A few minutes later they arrived at the promised taverna, a narrow, quaint place, crammed with tables and rickety chairs, dusty bottles lining the walls. The proprietor, a tall, gangling man in a three-piece suit and apron, welcomed them in.
‘Demos! Long time, eh? What brings you here?’
‘A party,’ Demos said with a shrug, but he clapped the man on the shoulder and smiled. ‘Good to see you, Andreolos.'
Althea was surprised. From the innate grace and arrogance with which he’d strode through the club, not to mention dealt with Angelos, she’d expected him to entertain at five-star hotels on the Plaka, not dusty holes-in-the-wall in Psiri.

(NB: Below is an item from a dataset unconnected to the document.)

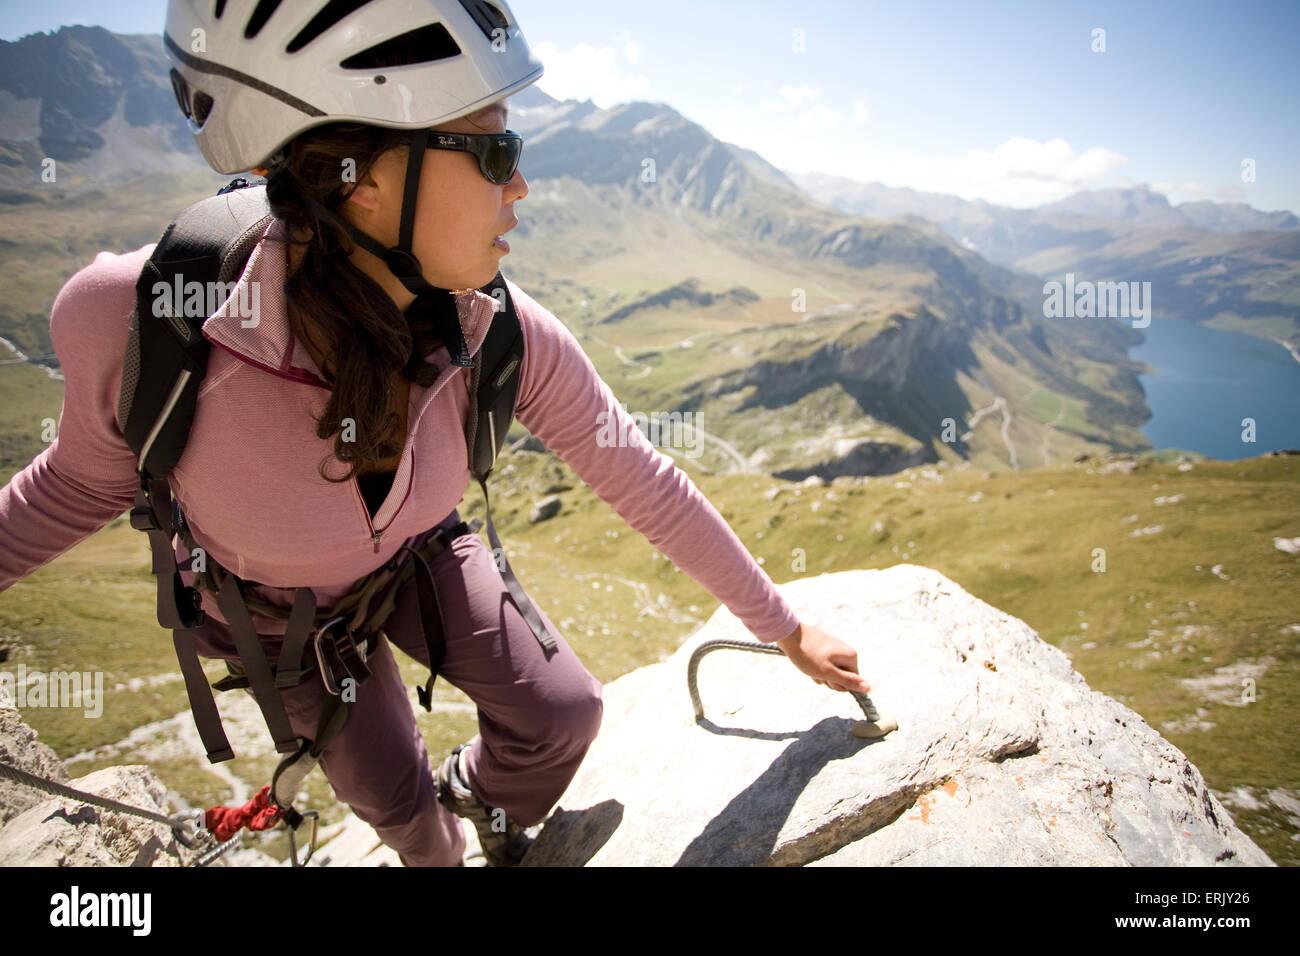 Une jeune femme prend un moment pour profiter du paysage tout en s'engageant dans le sport de la Via Ferrata Photo Stock
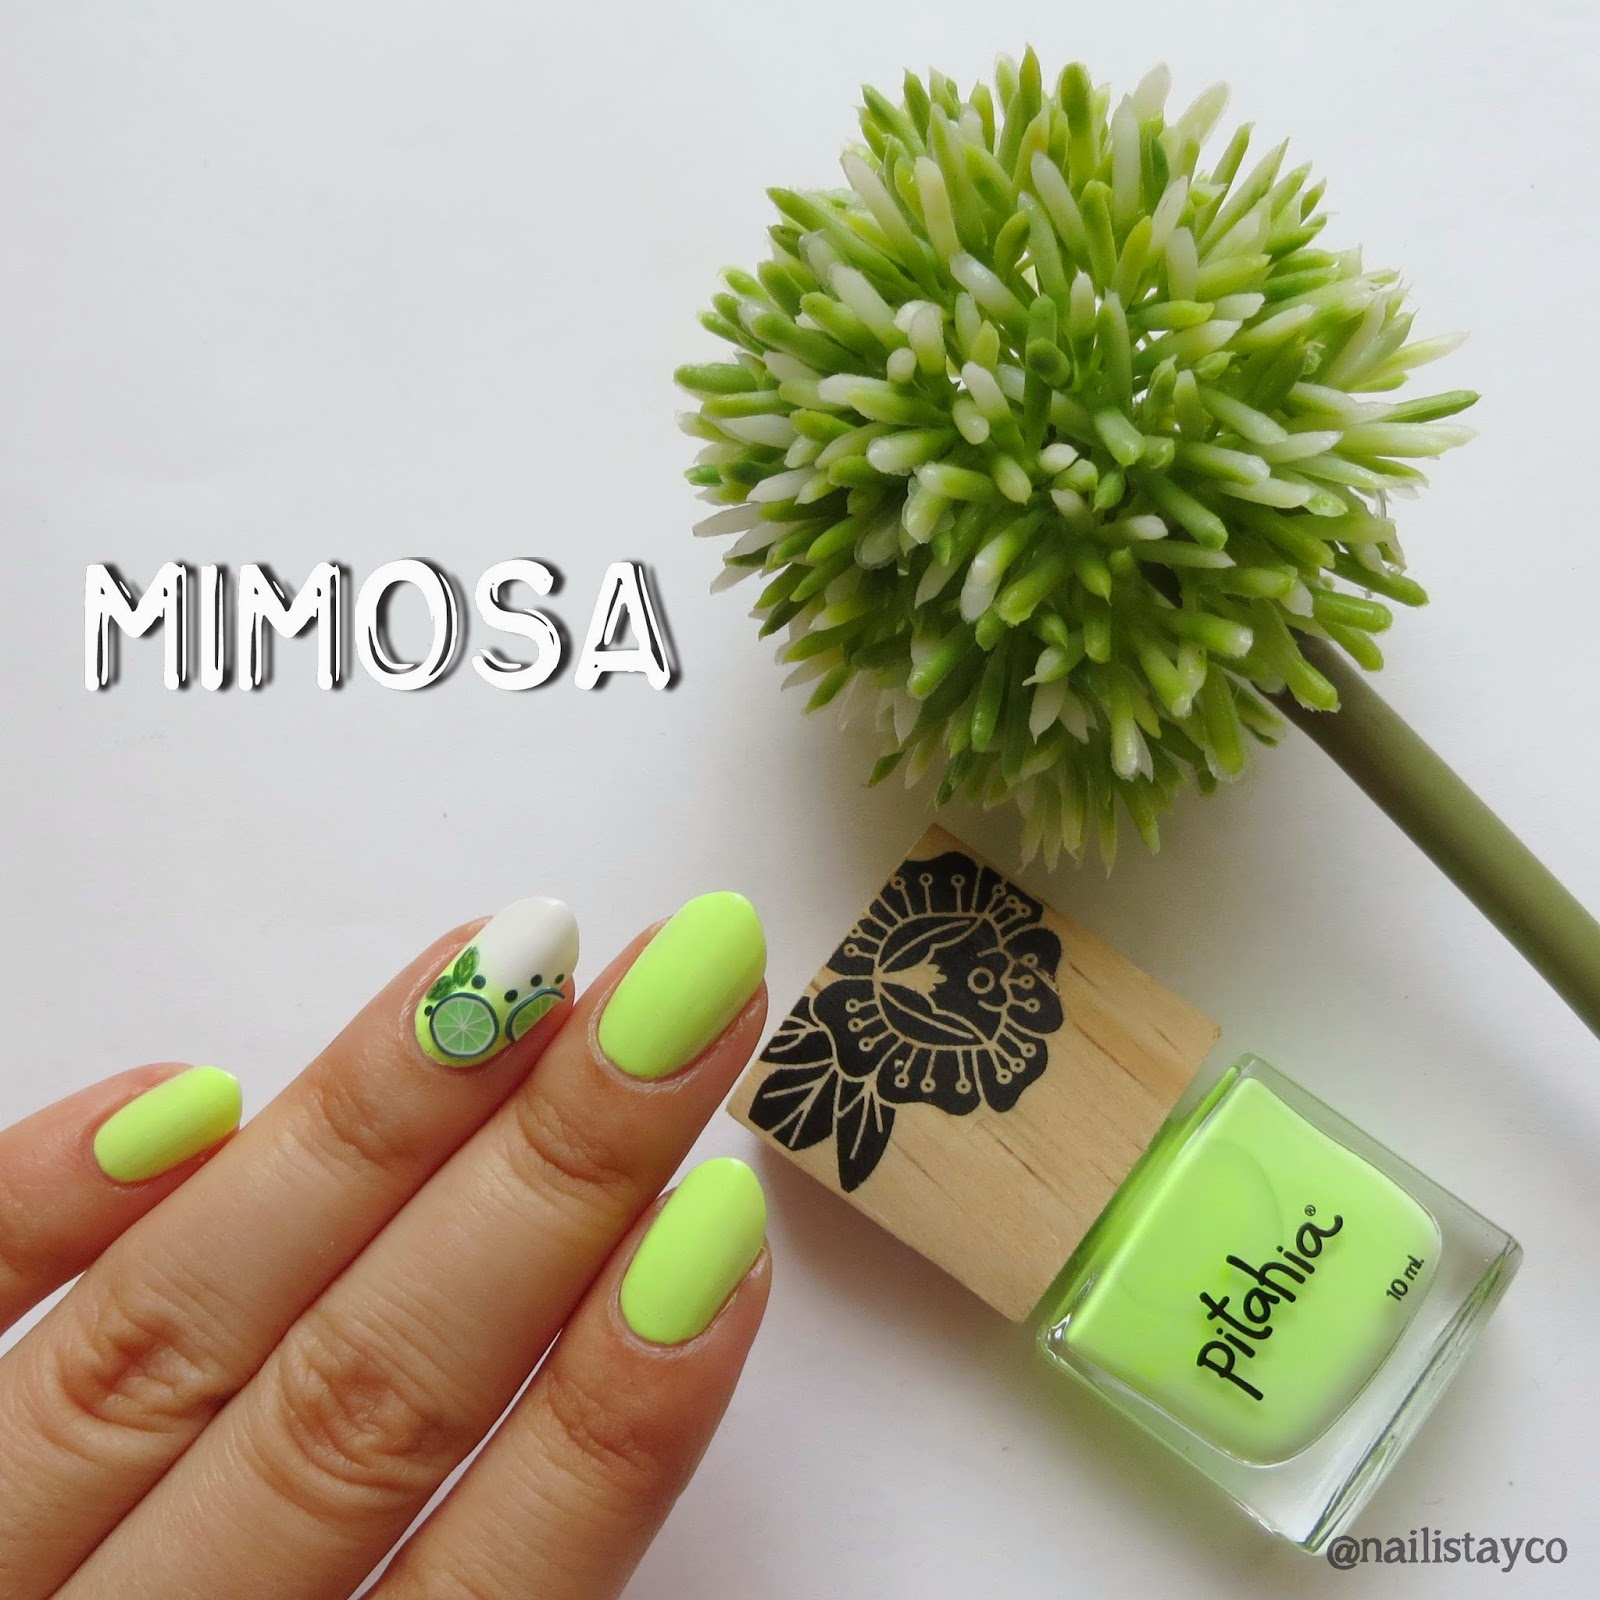 Nailista y co.: Mimosa de Pitahia

Andreolos ushered them to a table tucked in the corner, gave them menus and went to fetch a bottle of wine from under the bar. Althea wrapped her spangled shawl more modestly around herself, conscious yet again of how tarty she must appear.
‘Regretting your choice of attire?’ Demos asked, and she heard a mocking note in his voice that made her flush. Then he surprised her by adding quietly, ‘You look beautiful.'
In the dim intimacy of the taverna, with their knees touching under the tiny table, she took a moment to study the man whose attention and interest she’d captured. And had he captured hers? She considered the question reluctantly; she didn’t like to think that a man—any man—could have a hold over any part of her. Body, mind, heart.